■ Provided data ■
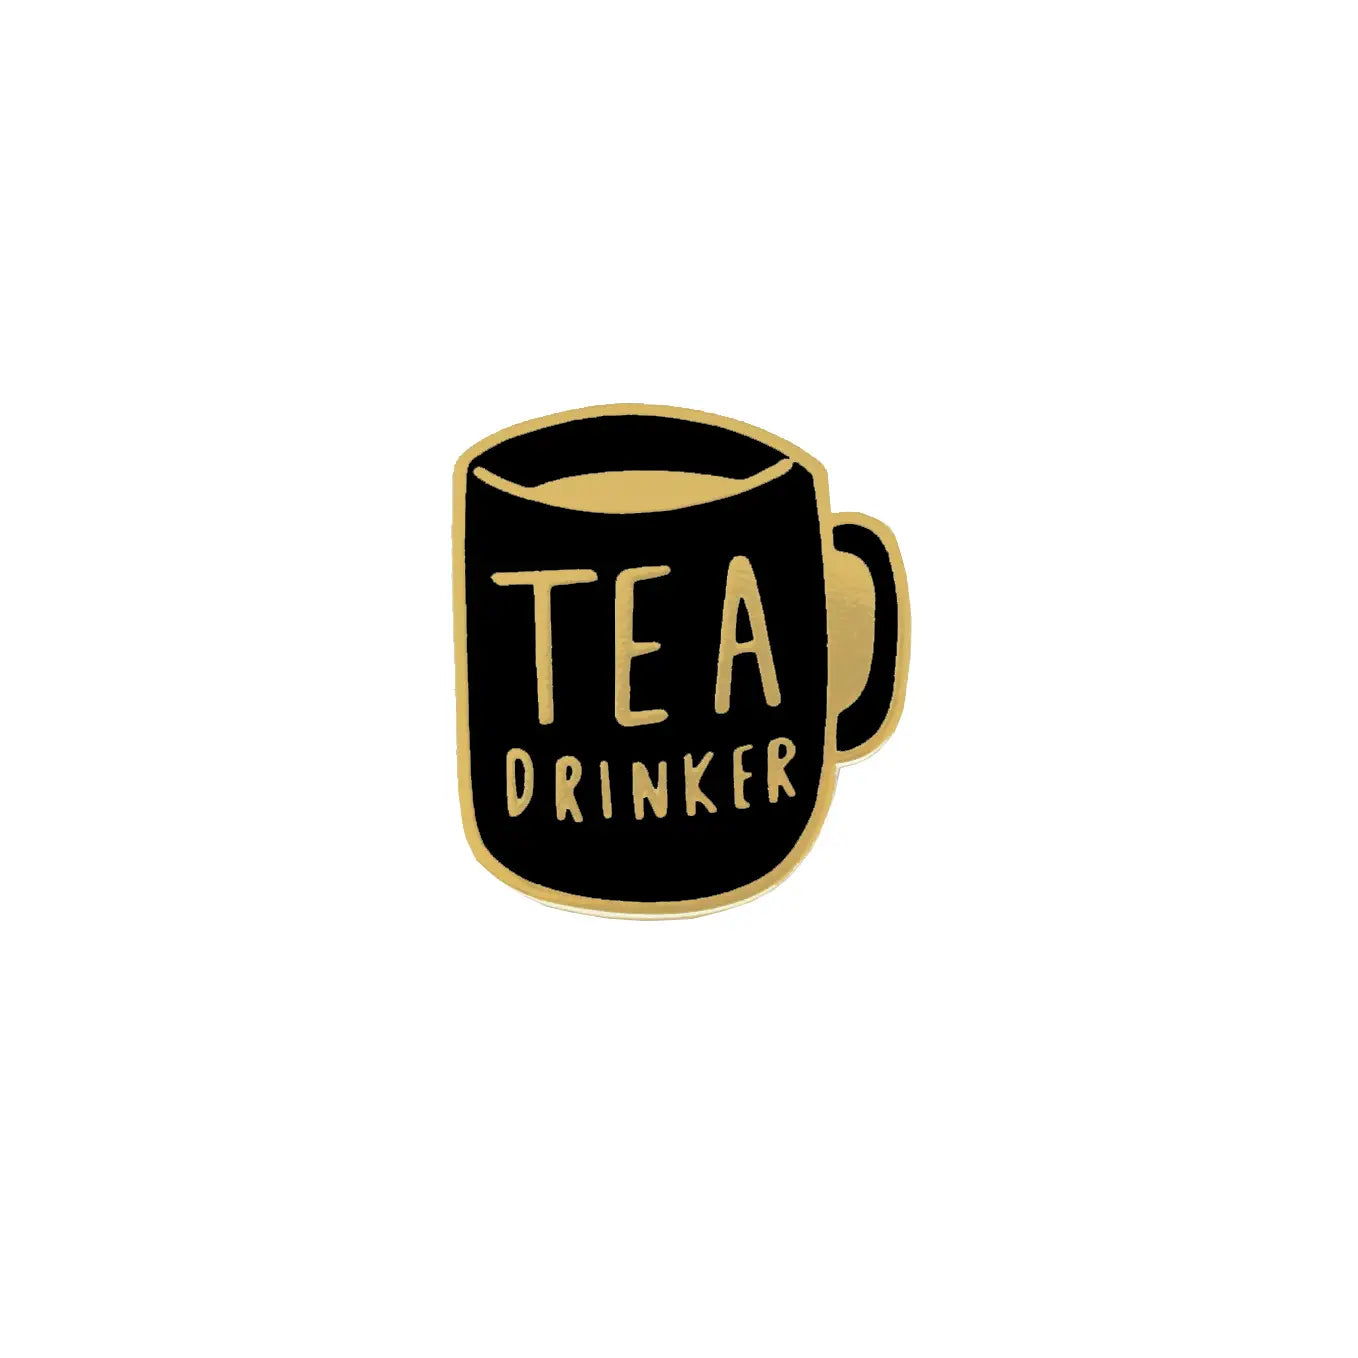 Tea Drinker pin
...
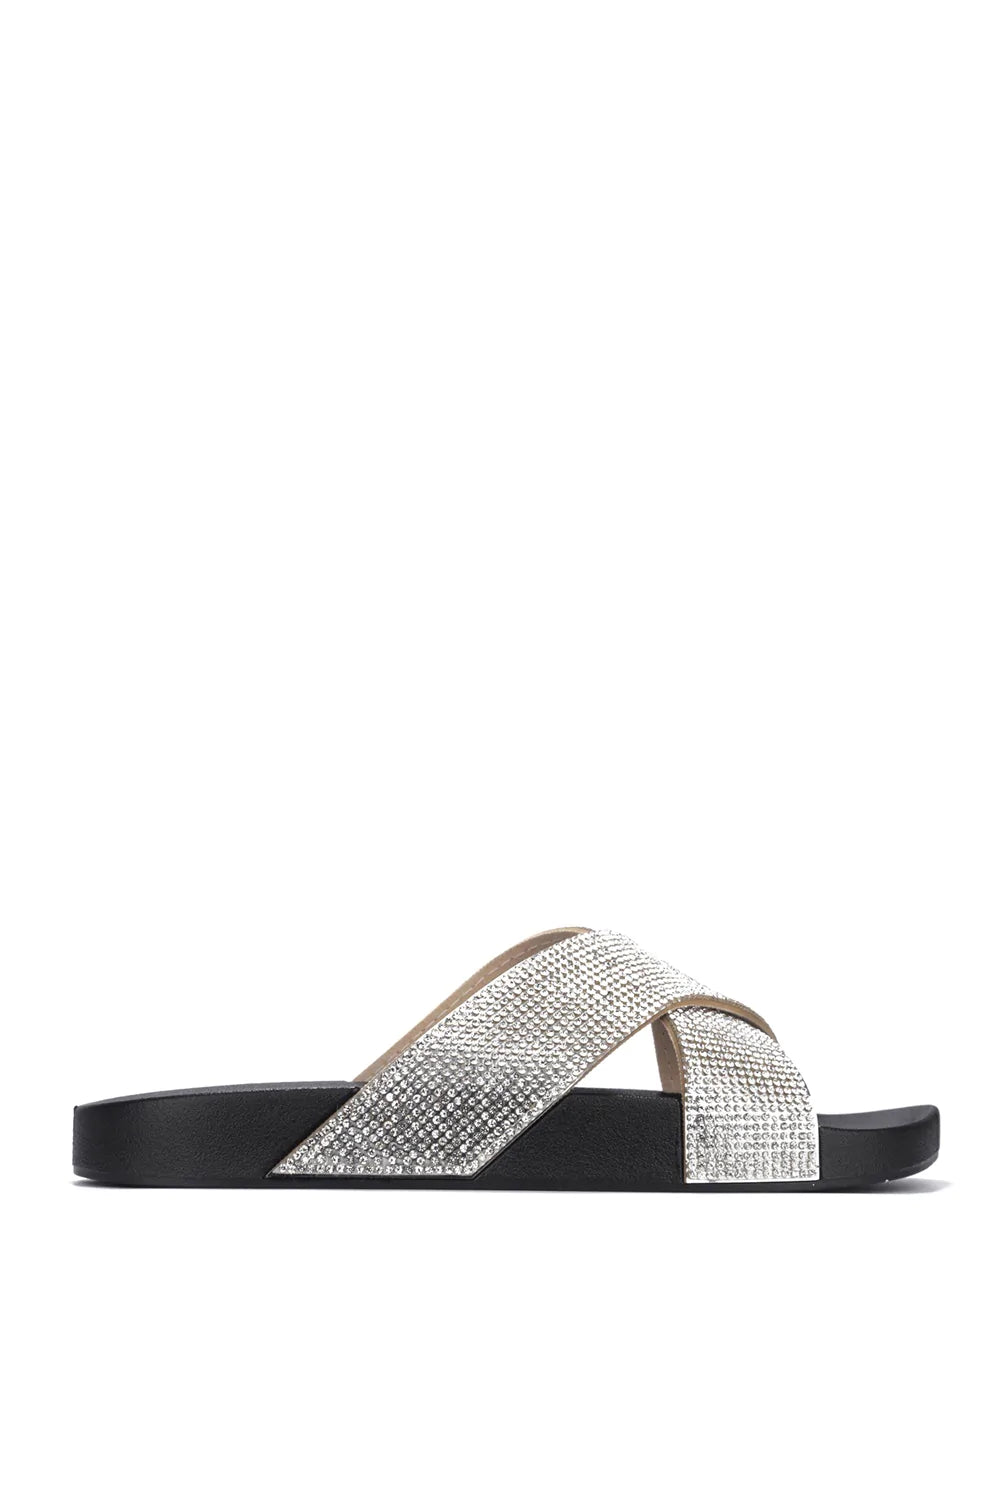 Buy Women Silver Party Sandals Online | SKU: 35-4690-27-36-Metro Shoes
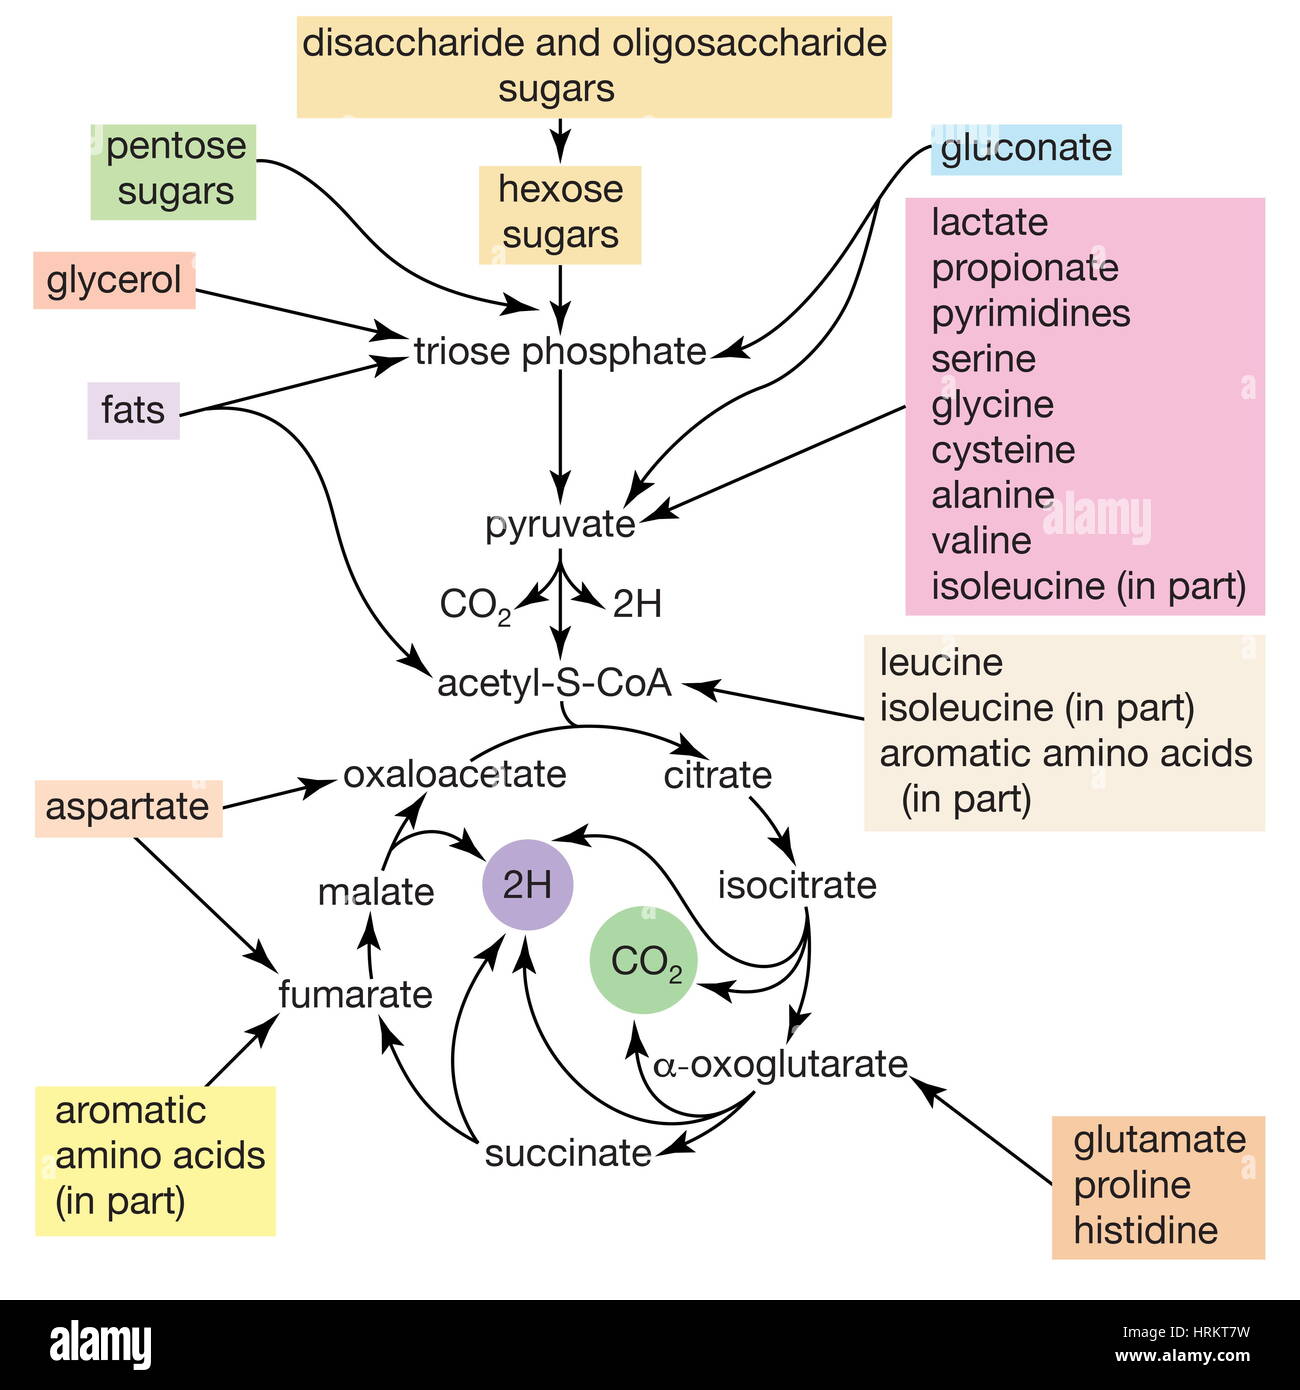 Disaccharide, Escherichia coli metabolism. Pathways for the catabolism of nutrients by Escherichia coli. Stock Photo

■ Description of the task ■
Everything above from the line containing "Buy Women Silver" through the line containing "Disaccharide, Escherichia coli" must be repeated exactly, and the pictures must be left out.

■ Solution to this problem ■
 Buy Women Silver Party Sandals Online | SKU: 35-4690-27-36-Metro Shoes
 Disaccharide, Escherichia coli metabolism. Pathways for the catabolism of nutrients by Escherichia coli. Stock Photo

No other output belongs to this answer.